GIVEN INFORMATION below:

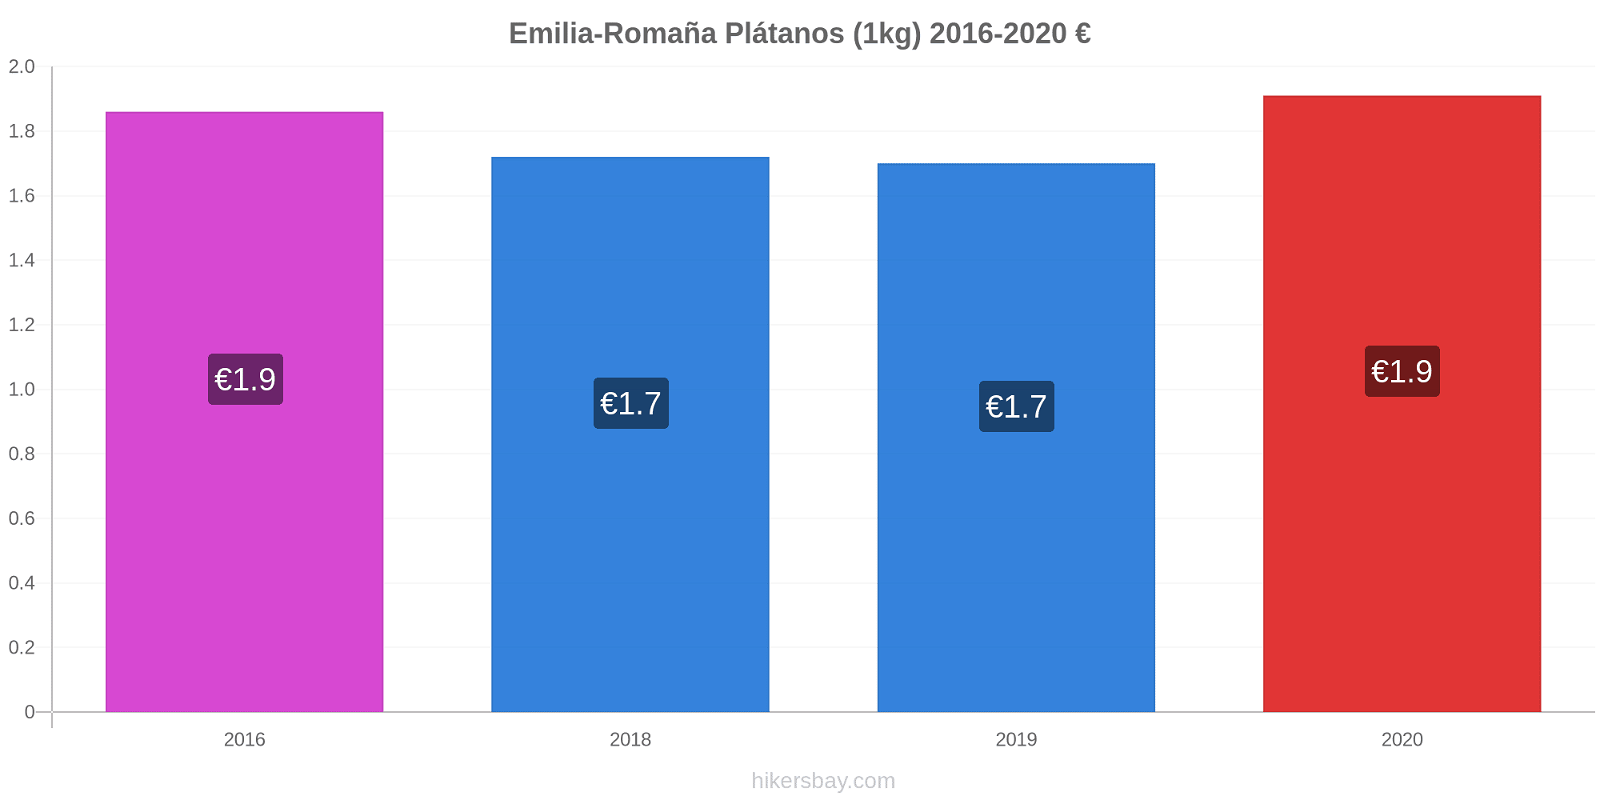 Emilia-Romaña cambios de precios Plátano (1kg) hikersbay.com
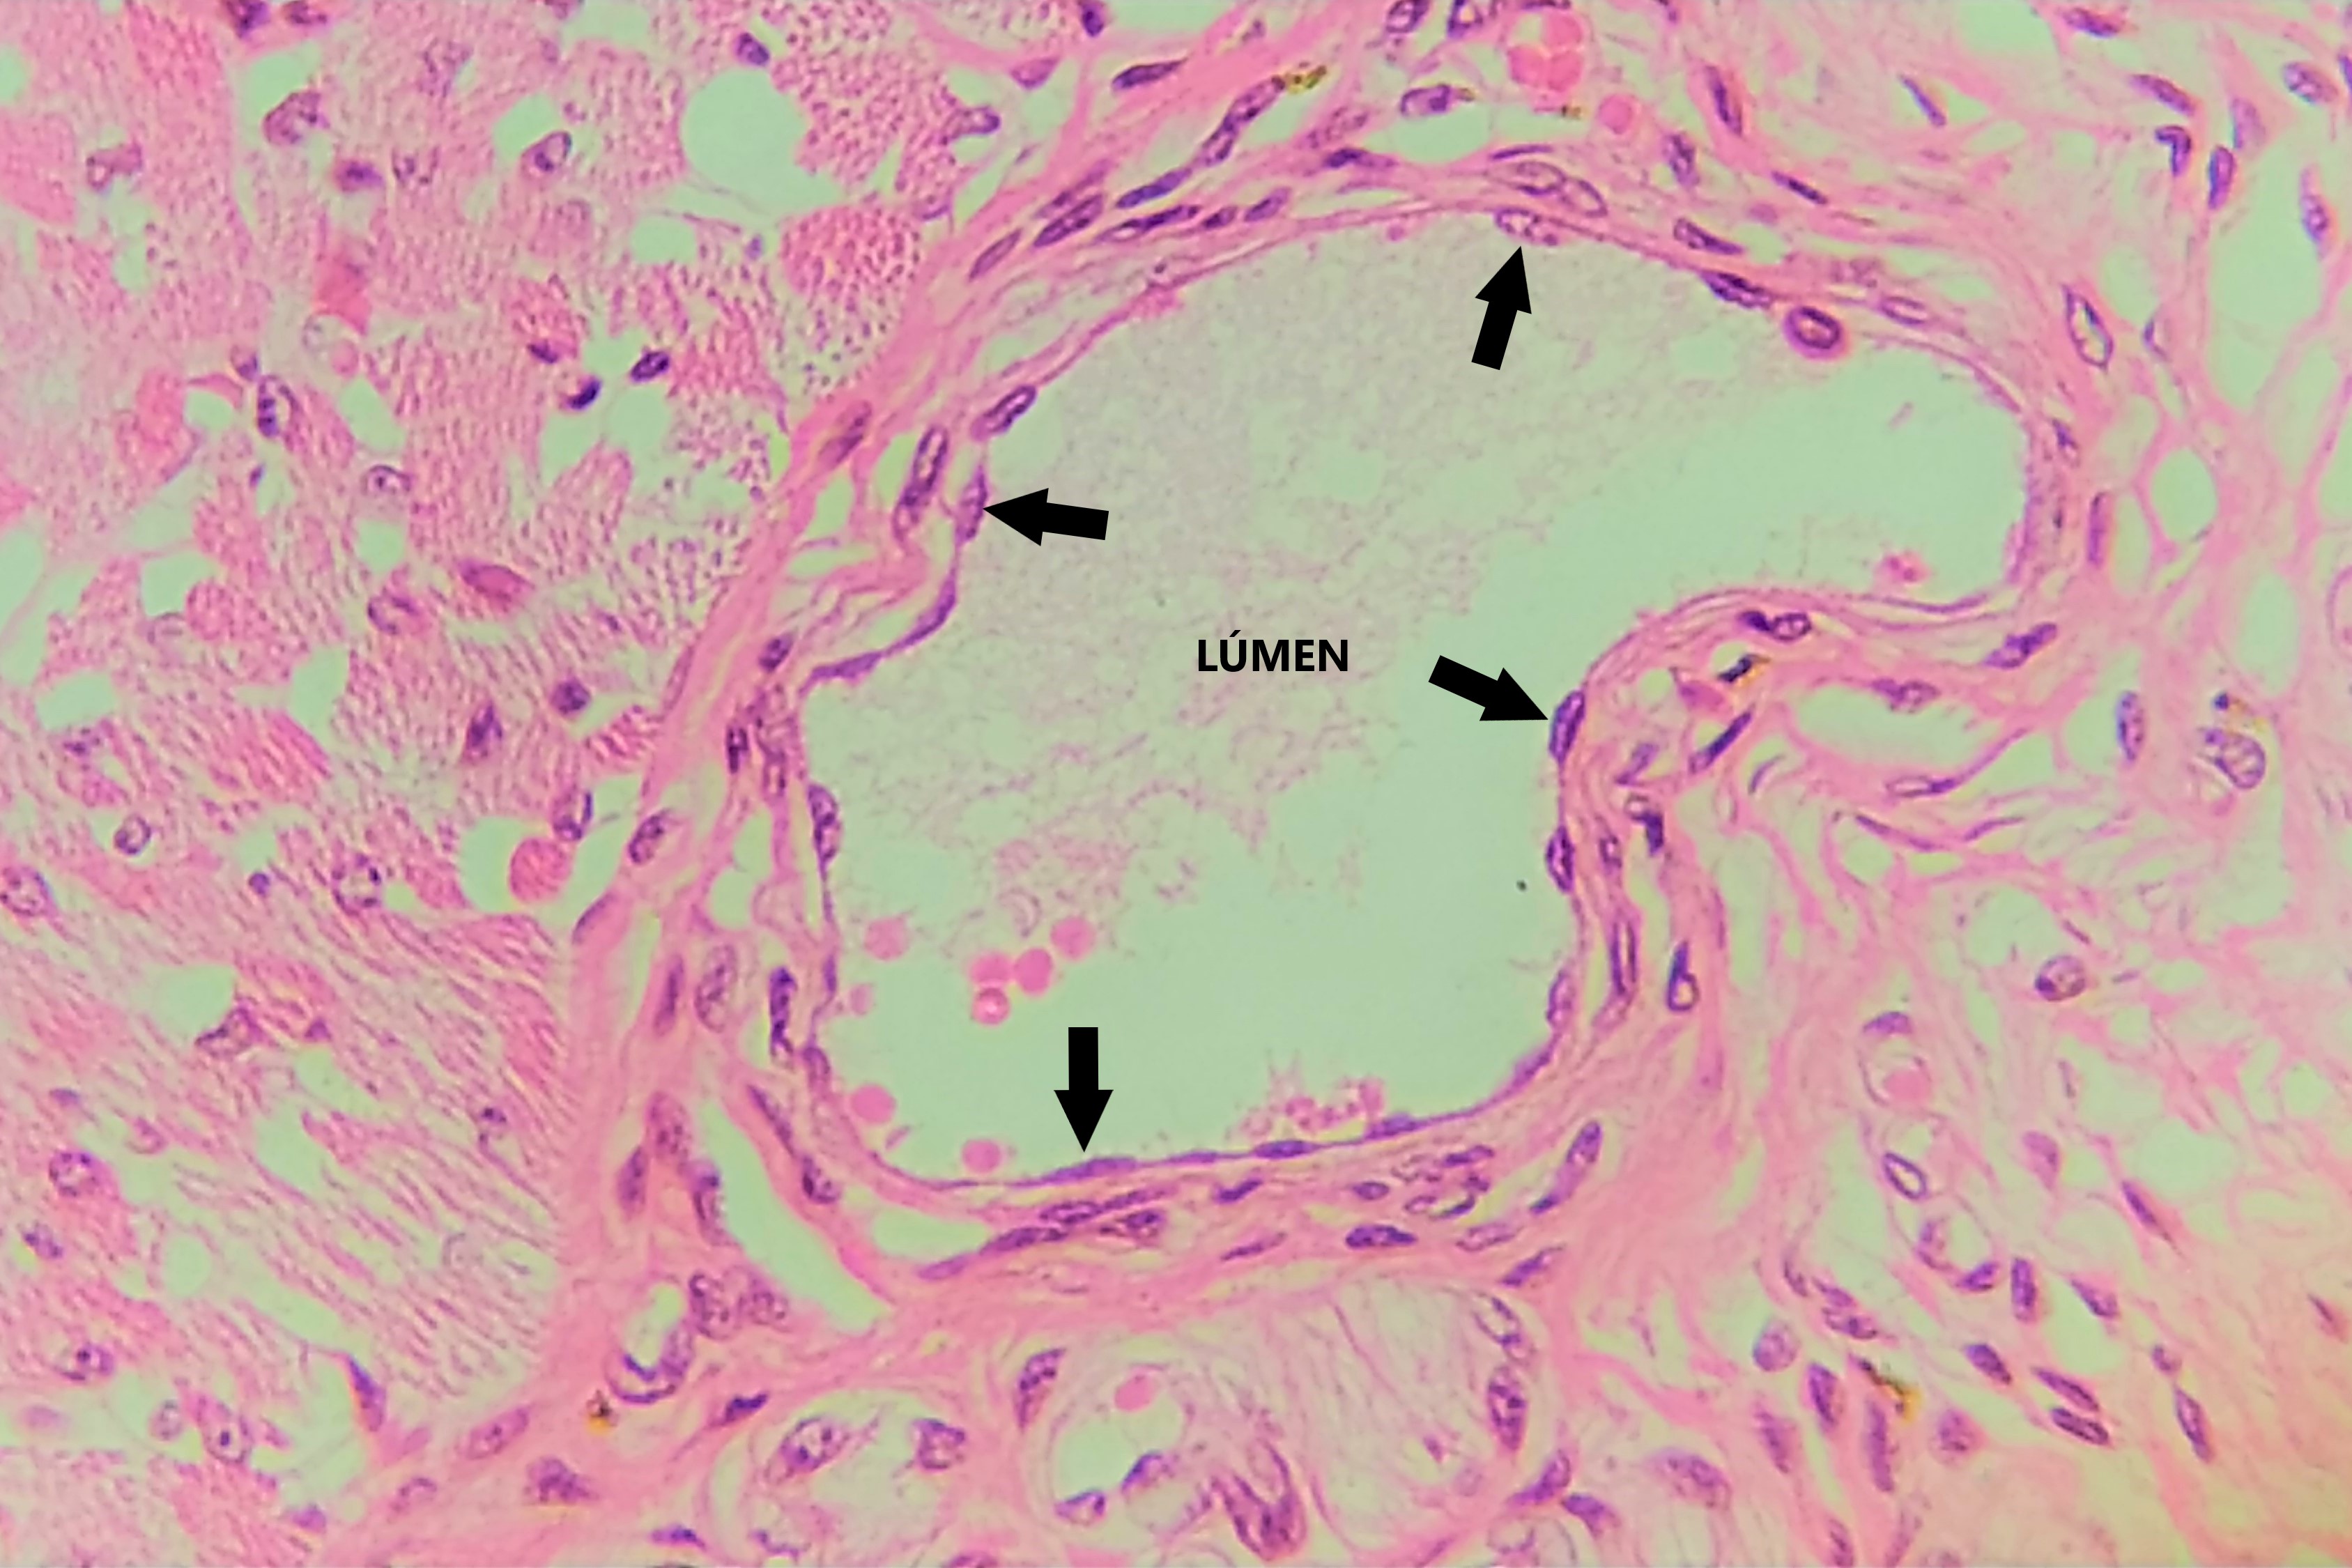 Lâmina: Pele - vaso sanguíneo (H&E - Aumento: 400x). A fotomicrografia mostra um vaso sanguíneo cortado transversalmente, revestido internamente por epitélio simples pavimentoso, conhecido como endotélio.  As setas apontam para os núcleos das células pavimentosas, que fazem saliência no lúmen ou luz do vaso.   É possível observar uma fileira única de células, identificadas por seus núcleos achatados (acompanhando o formato das células).
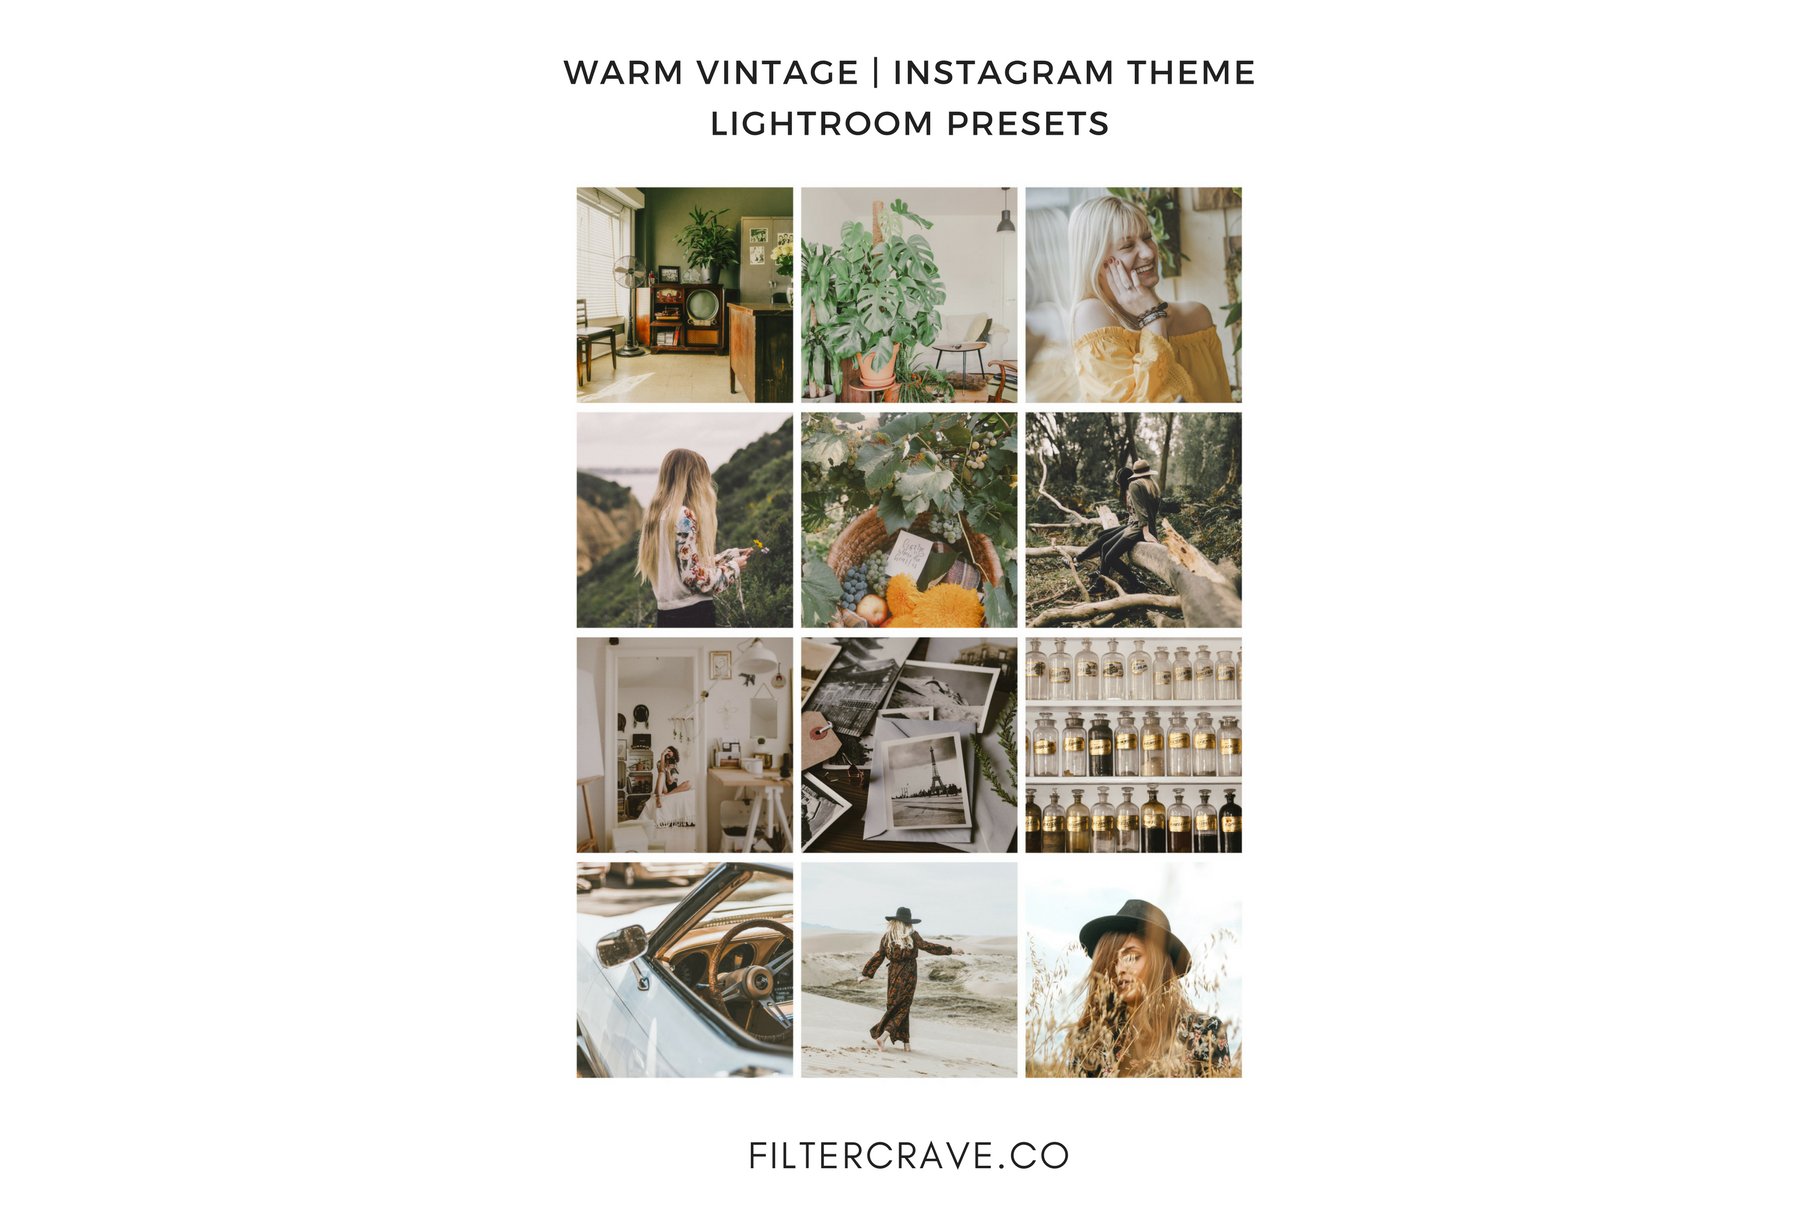 warm vintage lightroom presets instagram theme for bloggers filtercrave 546

End of GIVEN INFORMATION.

DIRECTIONS →
Where a picture appears, omit it, and otherwise retype the material exactly.

RESPONSE →
 Emilia-Romaña cambios de precios Plátano (1kg) hikersbay.com
 Lâmina: Pele - vaso sanguíneo (H&E - Aumento: 400x). A fotomicrografia mostra um vaso sanguíneo cortado transversalmente, revestido internamente por epitélio simples pavimentoso, conhecido como endotélio.  As setas apontam para os núcleos das células pavimentosas, que fazem saliência no lúmen ou luz do vaso.   É possível observar uma fileira única de células, identificadas por seus núcleos achatados (acompanhando o formato das células).
 warm vintage lightroom presets instagram theme for bloggers filtercrave 546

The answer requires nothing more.